In the background, the TrueDepth camera of the iPad was now activated, and the recording
process started.
The TrueDepth camera is a hybrid camera system that consists of both an ordinary camera
and a projector, which projects around 30.000 points of light onto the subject’s face
and
subsequently records their reflection and the time-of-flight difference using an infrared
camera [70]. The functionality is thus
similar to a lidar (light detection and ranging) [70]. This means that an exact three-dimensional scan of the human face can be
recorded in real-time by the system [70]. The raw data now recorded was automatically analyzed using the ARKit framework
and an
ARFaceAnchor object was subsequently created [71]
[72]. Utilizing the newly
created ARFaceAnchor object, extraction of the current facial geometry and current
facial expression from it was possible. The facial geometry was provided in form of
an ARFaceGeometry
object as “a coarse triangle mesh representing the topology of the detected face”
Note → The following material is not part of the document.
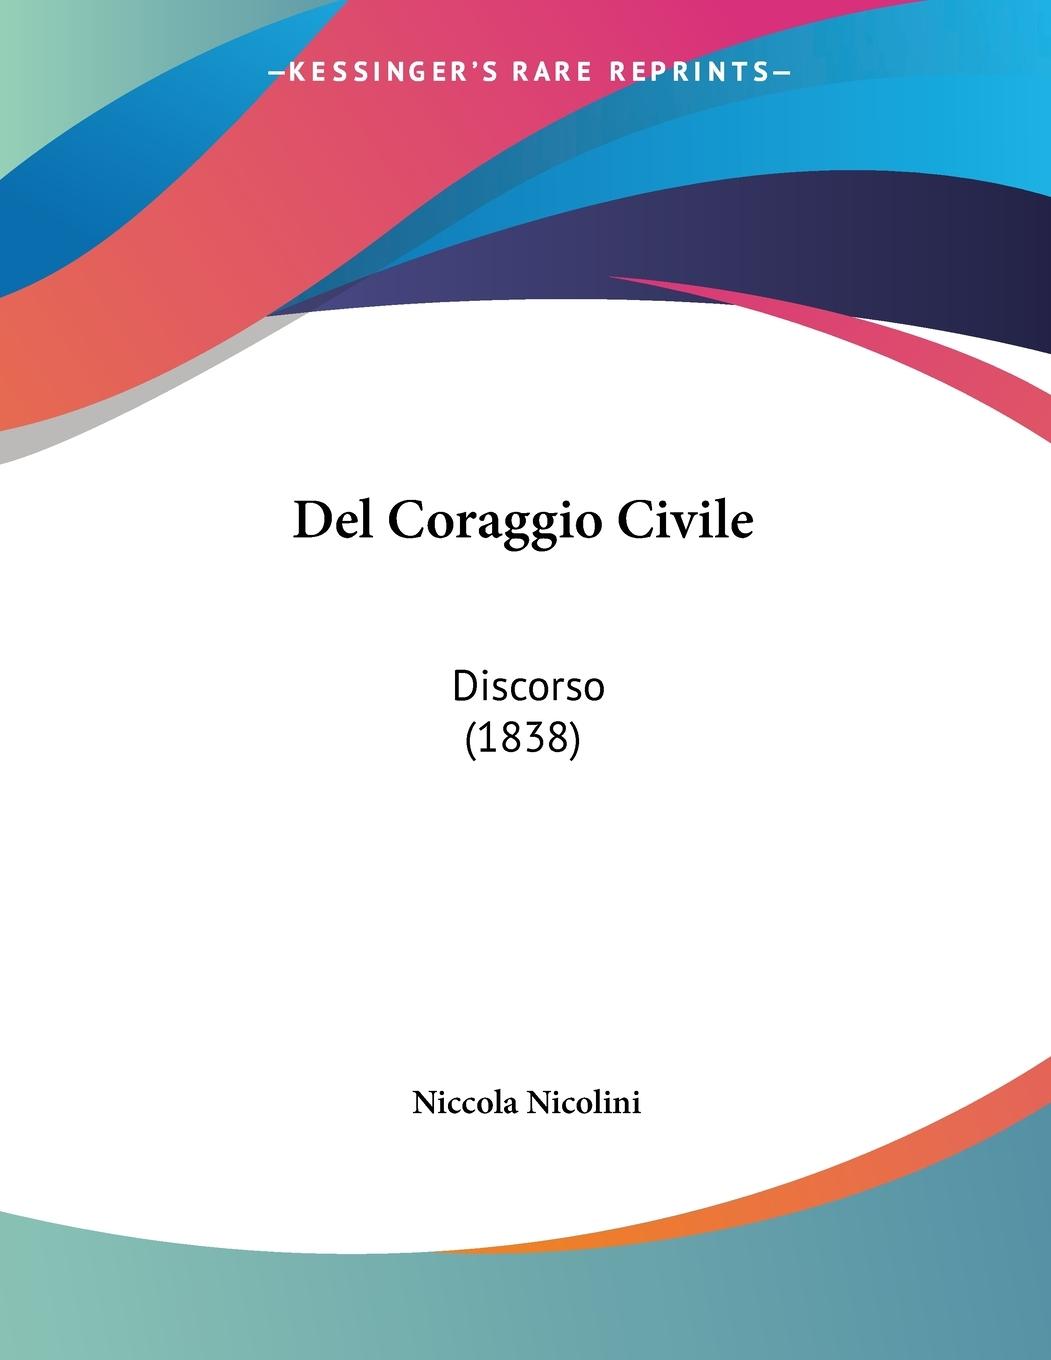 Del Coraggio Civile - Nicolini, Niccola
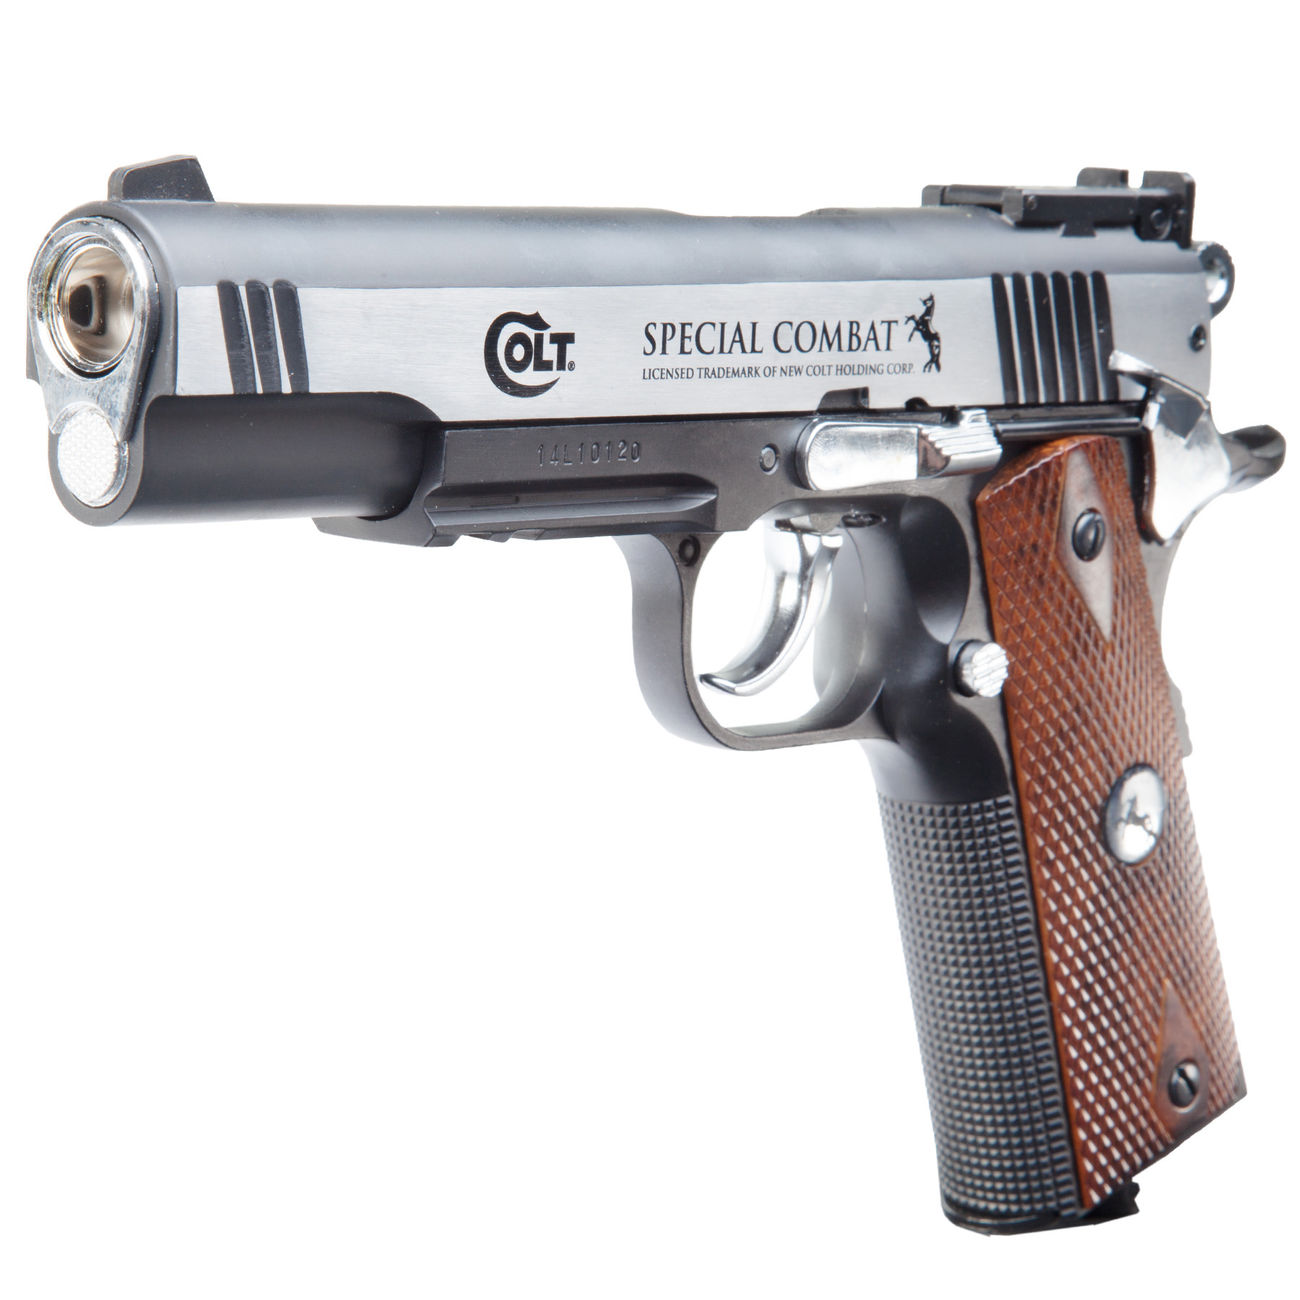 Colt Spezial Combat Classic CO2 Pistole 4,5 mm BB Starterset Bild 1

[73]. The facial geometry however was not processed
further in this study. The facial expression was represented in form of a dictionary
containing the type “blendShapeLocation” matched with a floating-point value [74]
[75]. In general, a dictionary is a programmatic type that contains an array
consisting of a certain key and a value matched with it (key-value pairs) [76]. In our example, the dictionary contained an array of
parameters relating to components of the facial expression and their relative strength.
There were 52 of these parameters (“blendShapeLocation”) contained for each facial
expression
recognized along with their respective strength. The relative strength was described
by floating-point values that could adopt values between 0 and 1 [75]. The values for the relative strength were subsequently saved, accompanied by the
type of facial expression to be shown as well as the current time.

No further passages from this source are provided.